After securing the merch, I made my way to my seats. I clicked around on my phone for a bit before striking up a conversation with a pair of friends sitting in front of me. We chatted the night away about pop music, who would go on our Mt. Rushmore of pop stars inspired by one of their tattoos, and everything music and Lorde. It was a lovely, heartwarming connection, and all through the night, we would share looks back and forth. Since it was both of their first nights seeing the show, they would cast back shocked looks, and I would nod enthusiastically. 
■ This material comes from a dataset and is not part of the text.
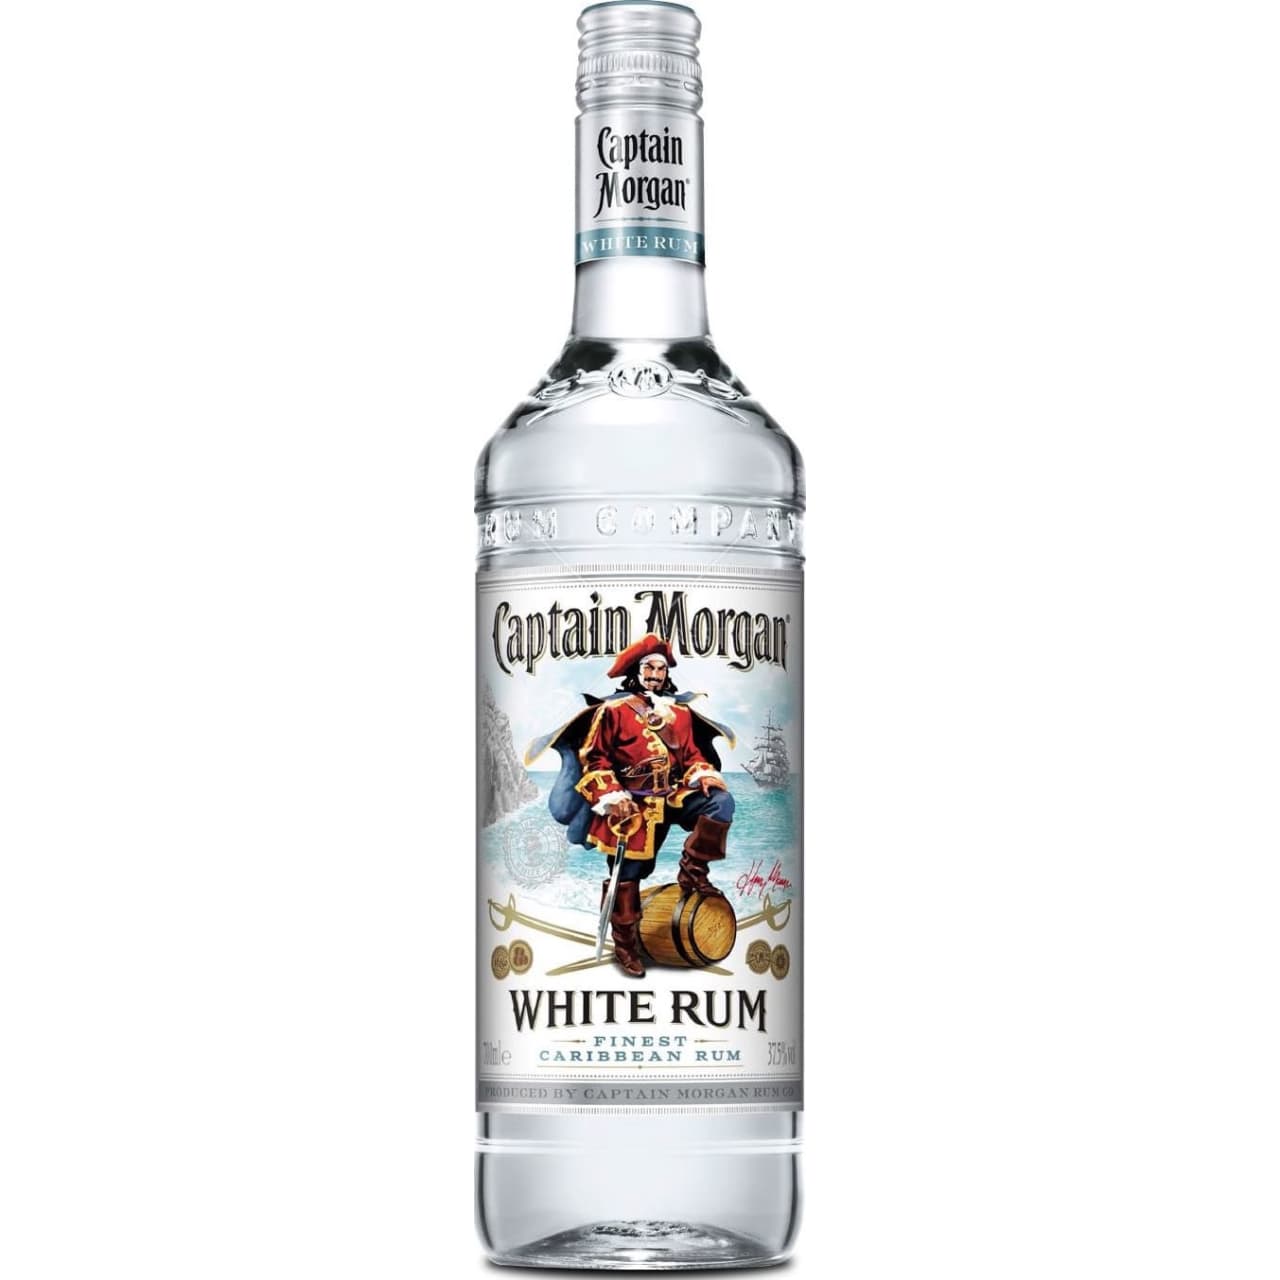 Captain Morgan White Rum is created from the finest of Caribbean rums and has a crisp, clean and refreshing taste.

I hate to say it, but the crowd at Night 2 didn't quite live up to Night 1. In my estimation, they weren't as loud or as in sync as the first night, and one girl towards the back sealed the deal when she kept yelling at Lorde about "The Louvre" while she was trying to tell a story. There is nothing that makes my blood boil more than fans shouting nonsense over an artist trying to tell a story. Lorde did in fact play "The Louvre," which I was excited about since it's one of my favorite songs, and I'd been hoping to shout, "Down the back, but who cares, still the Louvre," with the crowd. 

The show itself was so intricately breathtaking both nights. Lorde travels with a slightly strange set of moving plates, risers, a staircase to nowhere, and a drum-like sphere that offered the chance to do cool lighting projections. Her band moved as dancers, in a way, setting up each scene. The set moved in a series of ways that allowed it to evolve as the story progressed, and the set list was arranged in a thoughtful three act structure that created a plot out of three albums worth of songs. While it never escaped the realm of being a concert, there were nods from musical theater in the creation of the set and in small performance nods that really elevated the otherworldly feeling of the show. It was never overly choreographed, but the effort was more than evident. 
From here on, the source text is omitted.